Quick Feijoada scented black bean stew
Looking to switch up your recipes? Try our invigorating Brazilian black beans stew. You will not be disappointed!
- 1 cans 14 oz (398 ml) Del Monte red kidney beans
- 1 tbsp (15 ml) olive oil
- 2 lb (900 g) pork tenderloin, cubed
- 1 onion, chopped
- 2 cloves garlic, chopped
- ½ c (125 ml) chorizo, sliced or chopped
- 1/2 tsp (2 ml) smoked paprika, mild or spicy
- Salt and freshly ground pepper
- 1 ½ tbsp (22 ml) butter
- 6 c (1.5 l) green cabbage, finely sliced
- 1/2 c (125 ml) orange juice
- 1/2 onion, chopped
- 1 c (250 ml) tomatoes, seeded and chopped
- 1/2 green pepper, chopped small
- 1/4 c (60 ml) freshly chopped parsley
- 1 tbsp (15 ml) lemon juice
- In a bowl, mix all the ingredients for the homemade salsa and set aside.
- Mash 1/2 c (125 ml) black beans with 1 c (250 ml) water. Set aside.
- In a large saucepan, heat oil over high heat and brown pork.
- Lower the heat to medium, add the onion, garlic and chorizo. Cook for 2 more minutes.

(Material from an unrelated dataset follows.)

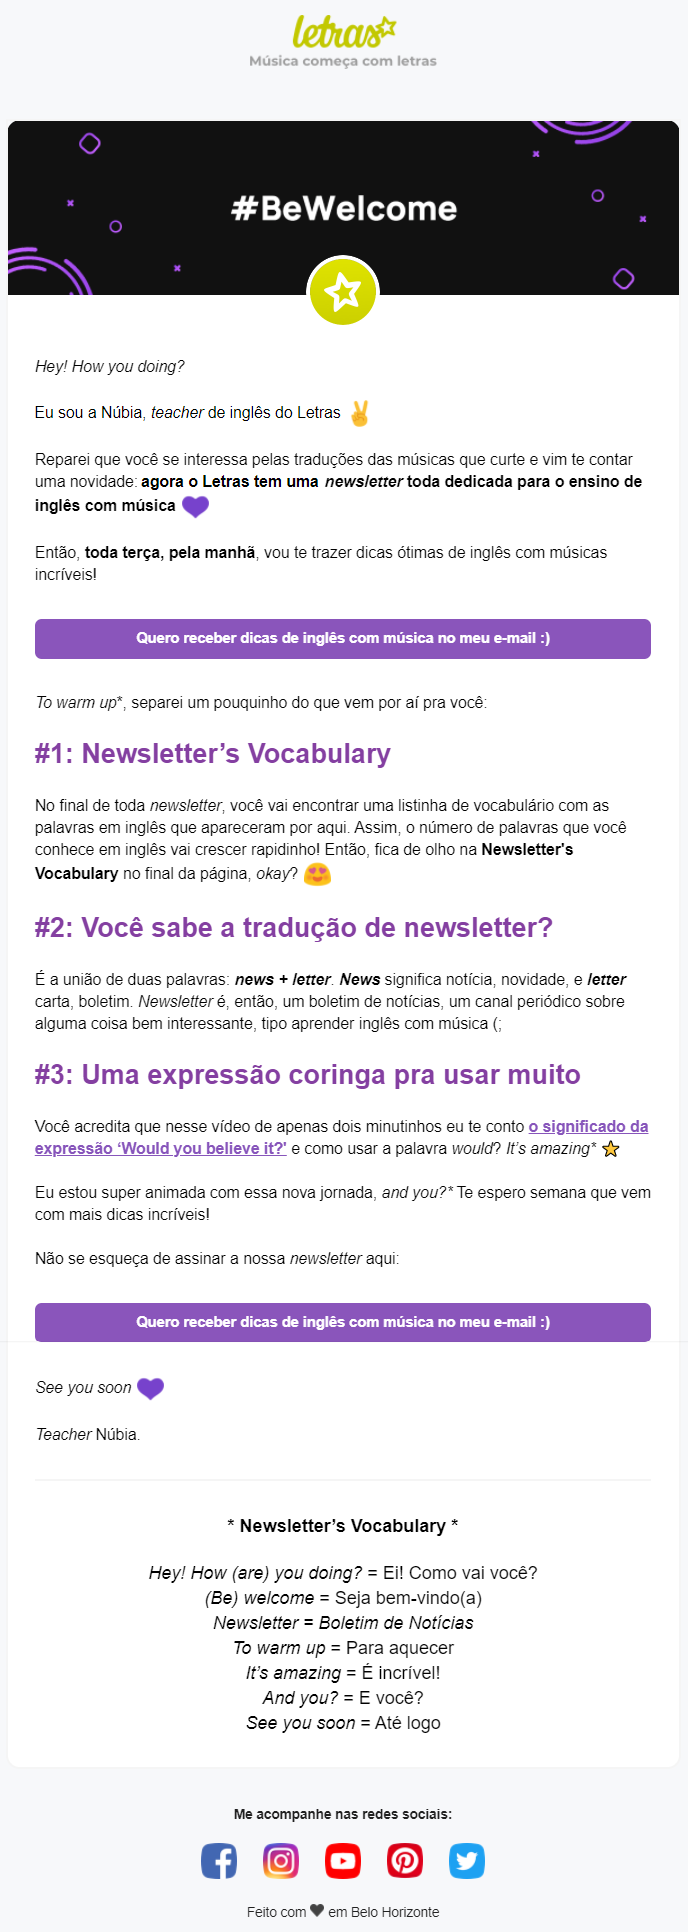 Letras.mus.br - Via E-mail marketing
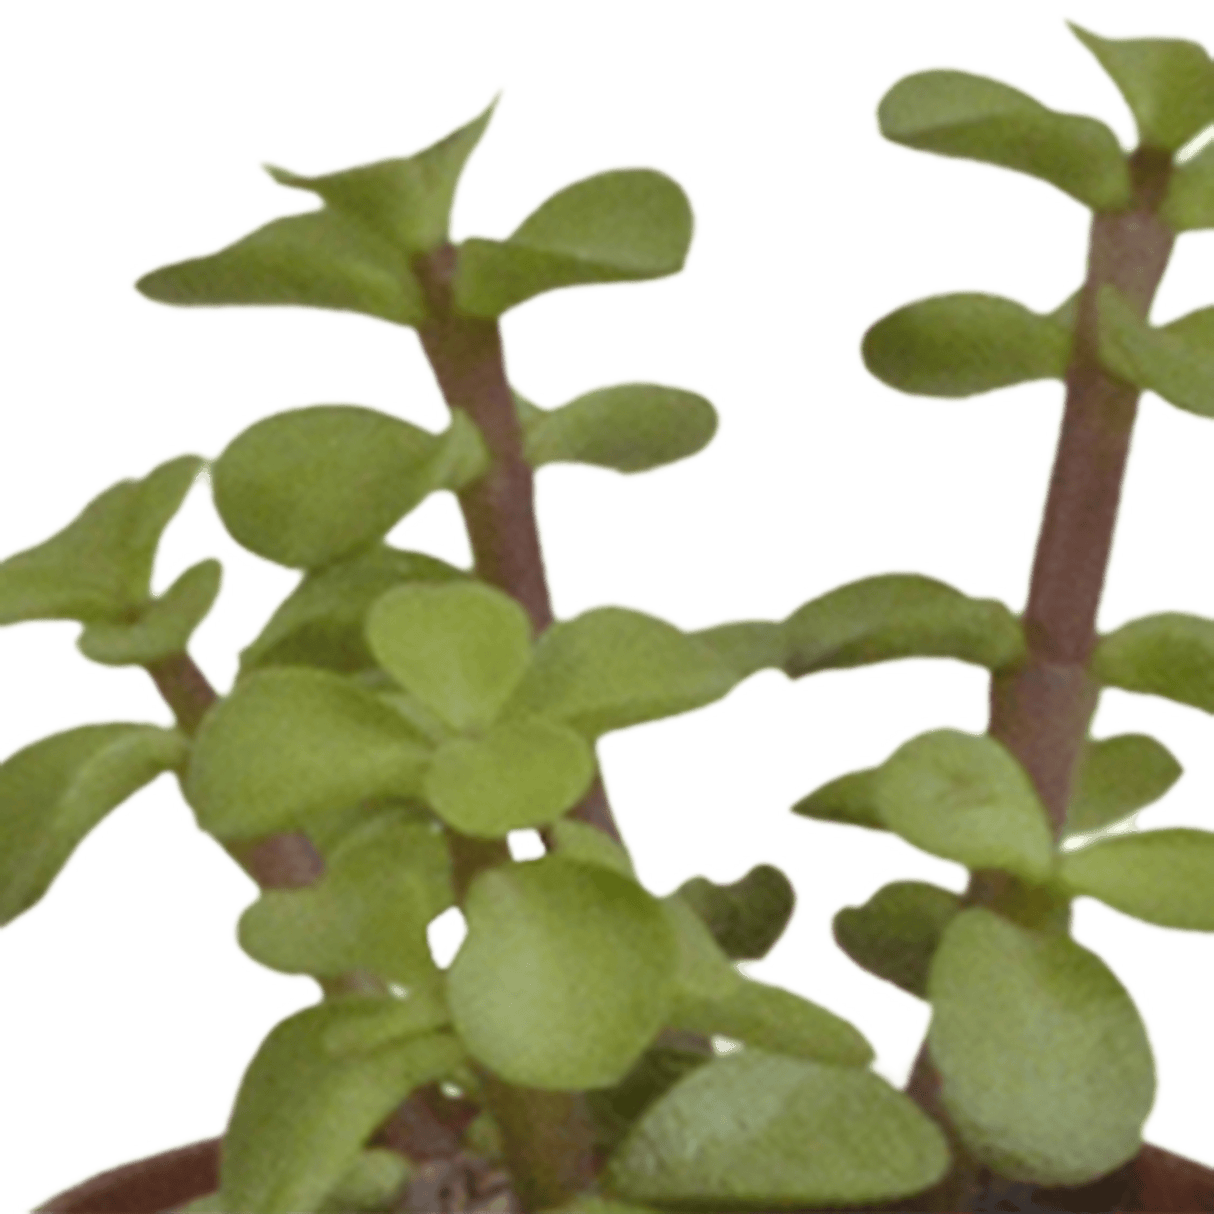 Livraison plante - Succulentes, box de 5 plantes - h13cm, Ø5,5cm - plantes d'intérieur

- Add whole and mashed black beans, smoked paprika and season. Cover and cook for 10 minutes.
- In the meantime, in a large frying pan, melt the butter over medium-high heat and cook the cabbage for 5 minutes . Add the orange juice and cook 5 more minutes stirring frequently.
- Divide the cabbage among the plates, top with stew and garnish with salsa.
Slow cooker cooking
1. After browning the pork, transfer to the slow cooker.
2. Add the whole and crushed black beans, smoked paprika and season.
3. Cover and cook on High for 3 hours, remove the lid and cook 1 hour more to reduce the sauce or cook on Low for 4 to 6 hours and 1 hour or more uncovered to reduce the sauce.